Es un lugar increible, en donde la fatiga y el cansancio se hace notar(una buena reserva de hojas de coca ayuda a soportar el soroche-mal de altura si lo masticamos lentamente), pero el paisaje, la tranquilidad y el misticismo del sitio hacen llevadero cualquier malestar que se tenga. Nuestro amigo prefirió quedar en el vagón, sin bajar y disfrutar del aire límpido, gélido y reconfortante de las montañas. Vimos en él un halo de tristeza por no echar a correr y disfrutar de la nieve como todos nosotros. Nos dijo algo que nos dejó de piedra. Dijo que tarde o temprano, aunque se muriera, que haría eso que hacíamos nosotros en ese momento, correr y correr con la típica falta de oxigeno que dá las alturas, Alegó el típico cansancio del viaje, por eso prefirió quedarse sentado en el vagón.
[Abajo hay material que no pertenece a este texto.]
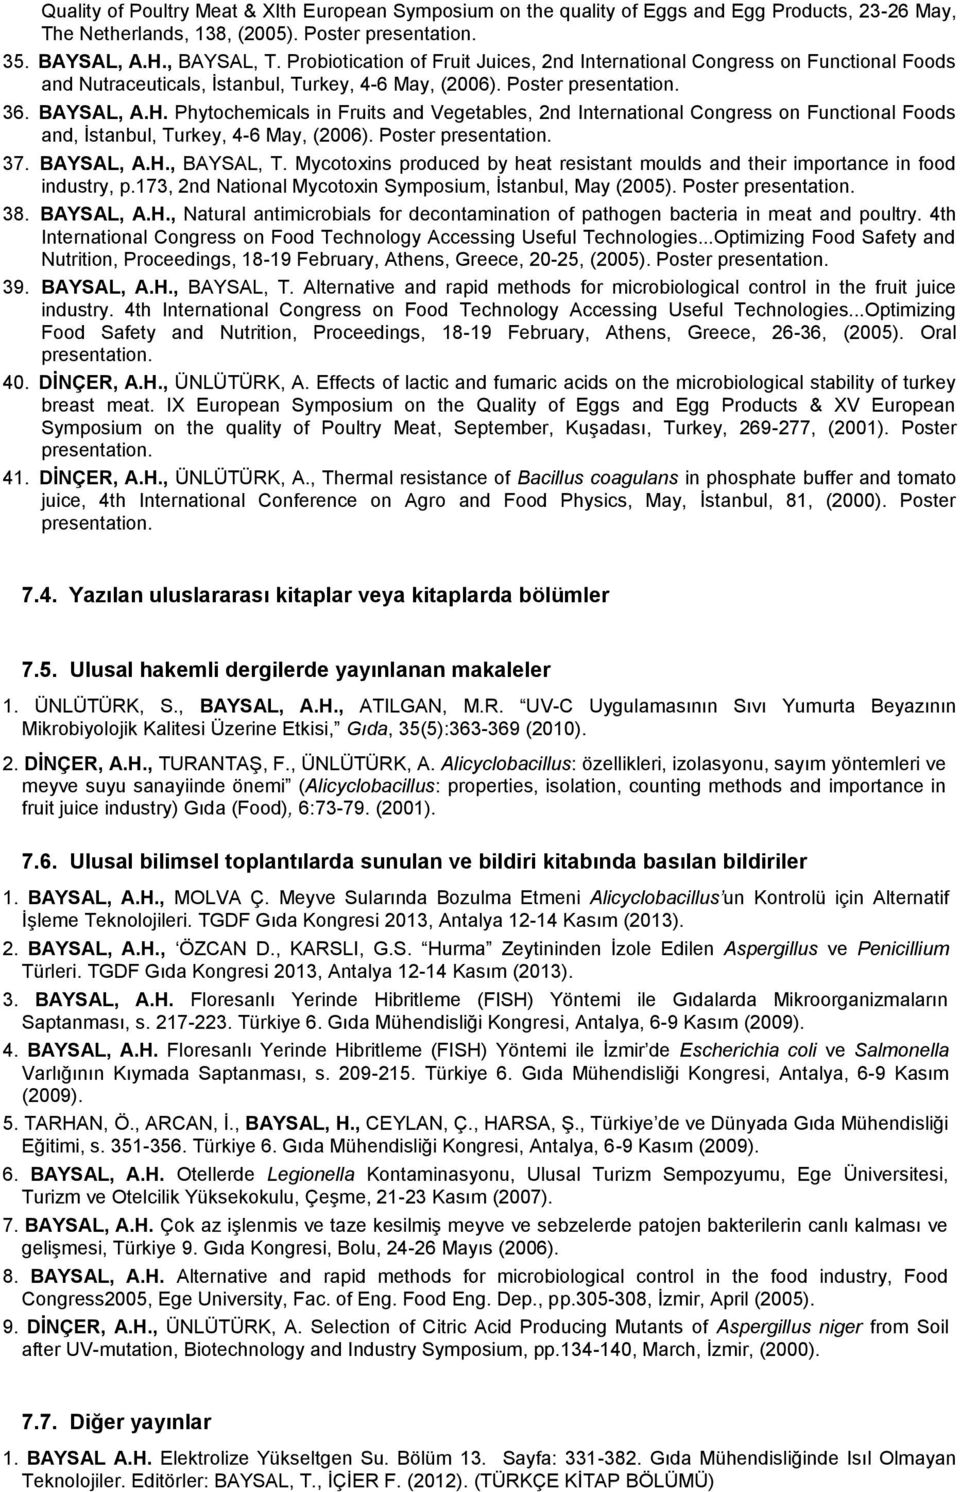 Phytochemicals in Fruits and Vegetables, 2nd International Congress on Functional Foods and, İstanbul, Turkey, 4-6 May, (2006). Poster 37. BAYSAL, A.H., BAYSAL, T.

Al acabar la excursión nos despedimos hasta otra vez, pero a él no lo volvimos a ver. Años más tarde, realizó ese mismo recorrido pero con su mujer e hijos. Llegado al punto alto, quiso hacer lo que no hizo en sus años de juventud, saltar y correr en la nieve y disfrutar, con tan mala suerte que su corazón no resistió la altura y murió tirado en la nieve con una cara de felicidad. Esto nos lo contaba su mujer, porque sabía de la historia pasada años atrás. Me dejó apenada, pero según decía su mujer, sabía que moriría en las alturas y se lo tomaba con resignación, como preparándose para el último viaje. ¿acaso sabemos de antemano lo que nos deparará el futuro?"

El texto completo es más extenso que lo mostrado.